A sequenciação para as amostras AmpliSeq CCP foi feito usando o Ion 318 Chip e toda a sequenciação exome foi executada usando o Genome Analyzer II ou HiSeq 2000, ambos da Illumina.

o sangue foi colhido em tubos de DNA PAXgene e DNA extraído utilizando o kit de DNA de sangue PAXgene (Qiagen , Valencia, CA). O ADN total foi isolado a partir das amostras de tumor cerebral congelados instantaneamente utilizando o kit de purificação de ADN Maxwell 16 (Promega, Madison, WI). O ADN foi quantificado utilizando Nanodrop ND-100 (Thermo Scientific, Waltham, MA) e 2,0 Qubit Fluorómetro (Life Technologies, Carlsbad, CA).
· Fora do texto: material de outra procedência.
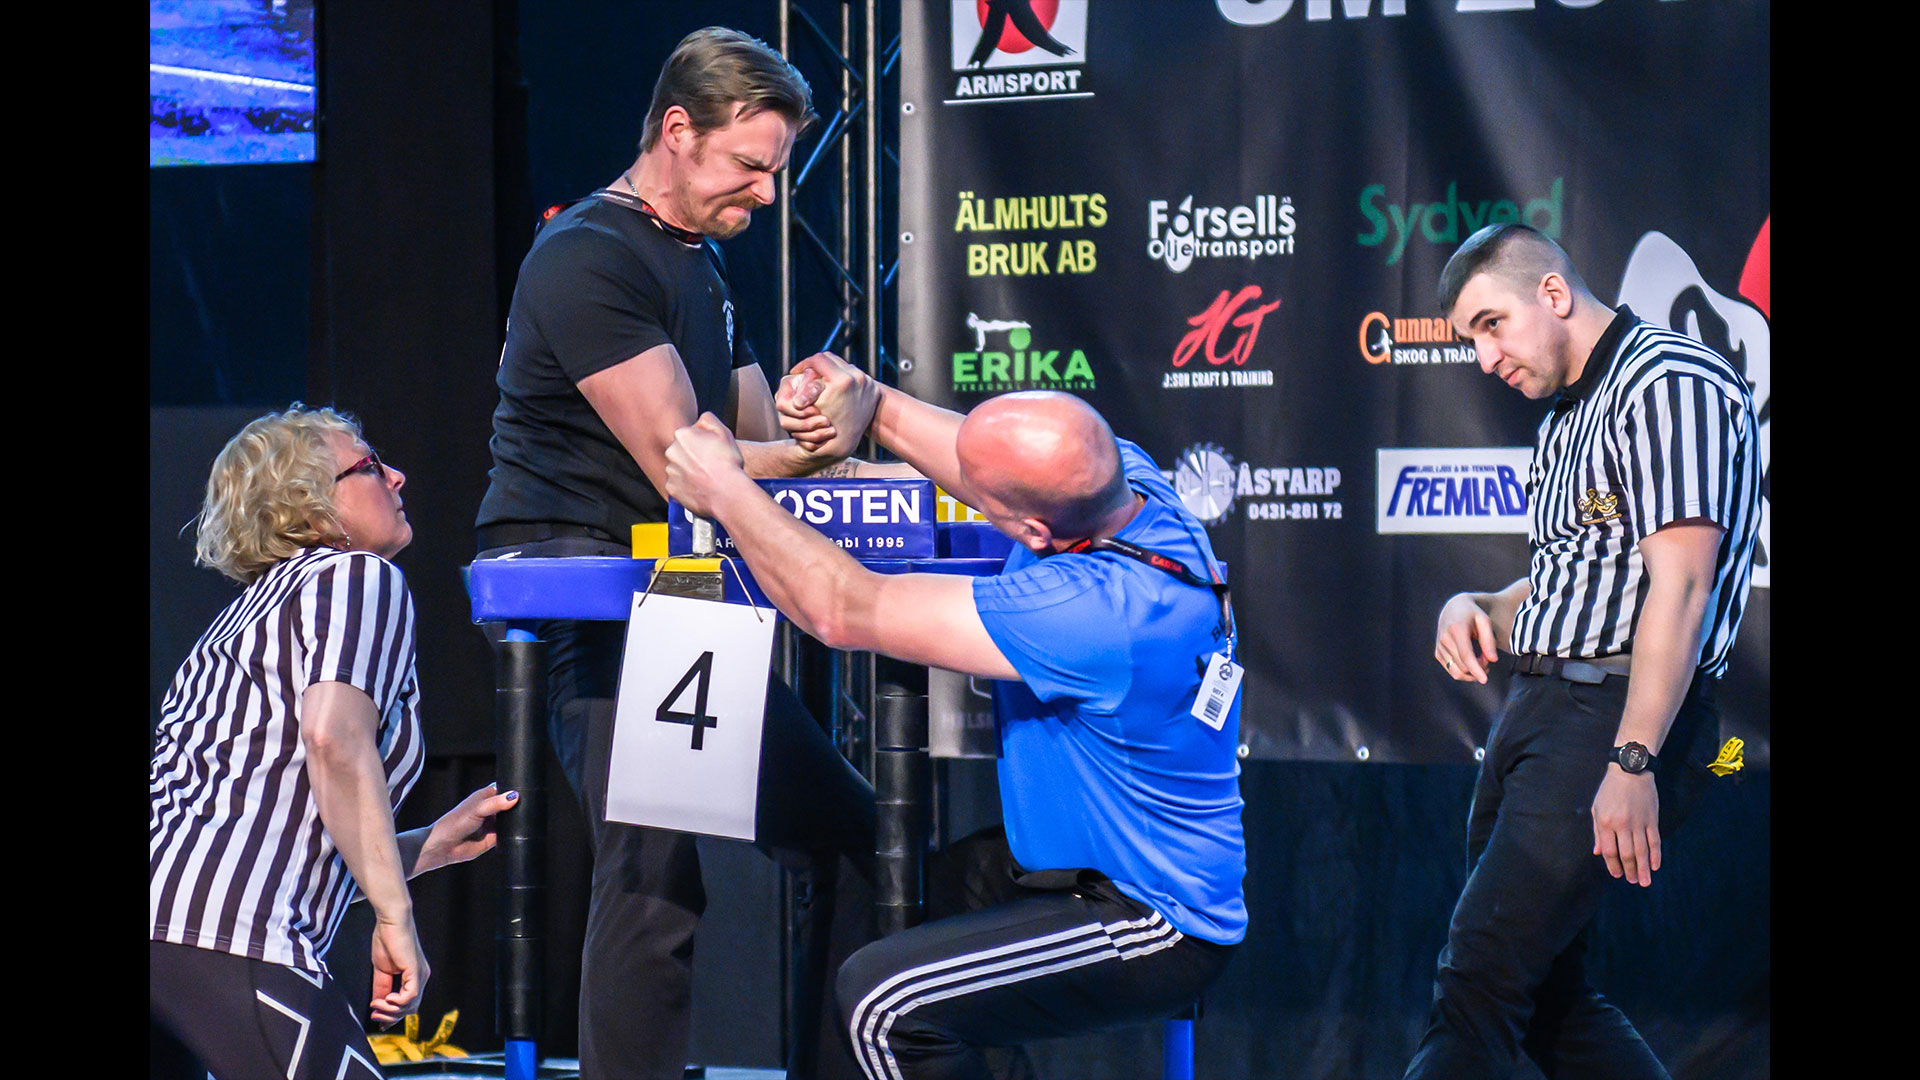 1 SM möte i armbrytning - Torsten Bynke

Amostras de DNA triplete emparelhado no doente, desde três pacientes foram sequenciados utilizando (i) toda a sequenciação exome na Illumina GA-IIX ou HiSeq de 2000 [ExomeSeq] (Fig 1) como parte do projeto Cancer Genome Atlas, conforme detalhado no [18] e ( ii) o AmpliSeq Painel Comprehensive Cancer Ion (Ion AmpliSeq CCP, Life Technologies). Para isso, quatro piscinas amplicon por amostra cobrindo 409 genes implicados no cancro foram quantificados (2100 Bioanalyzer DNA 7500, a Agilent Technologies), preparado e enriquecido para seqüenciamento no Ion Sphere Partículas (ISPs) que usam o 200 Template Ion OneTouch Kit v2 (Life Technologies ) na OneTouch 2 Sistema Ion ™ (Life Technologies). ISP Templated foram quantificados (Qubit 2,0, Life Technologies) e foram carregados para um ião 318 Chip (Life Technologies) a ser sequenciado na Ion PGM usando o Ion PGM Sequencing Kit V2 200 (Life Technologies). A eficiência média de carga na Ion Torrent PGM foi de 88% em todos os nove Ion 318 fichas com uma média de 5,9 milhões de leituras por amostra. As amostras individuais em média, em 5,8 milhões sequência mapeada lê, com um comprimento leia média de 109 pares de bases. A cobertura média alvo na Ion Torrent PGM foi 315x e 377x de amostras de sangue e de tumor, respectivamente. No caso de o TCGA Ilumina toda exome sequenciação, a cobertura do alvo média foi de 121x e 138x para amostras de sangue e de tumor, respectivamente. processamento e base do sinal de chamada de dados de sequências geradas a partir da Ion Torrent PGM foi realizada com Torrent Análise Suite versão 3.4.2. De alta qualidade lê (uma pontuação de qualidade 20) a partir dos arquivos FASTQ gerados a partir da Ion Torrent PGM Servidor foram aparadas de adaptador, código de barras, e as sequências de iniciadores de alinhamento antes da montagem do genoma humano 19 sequência (Hg19)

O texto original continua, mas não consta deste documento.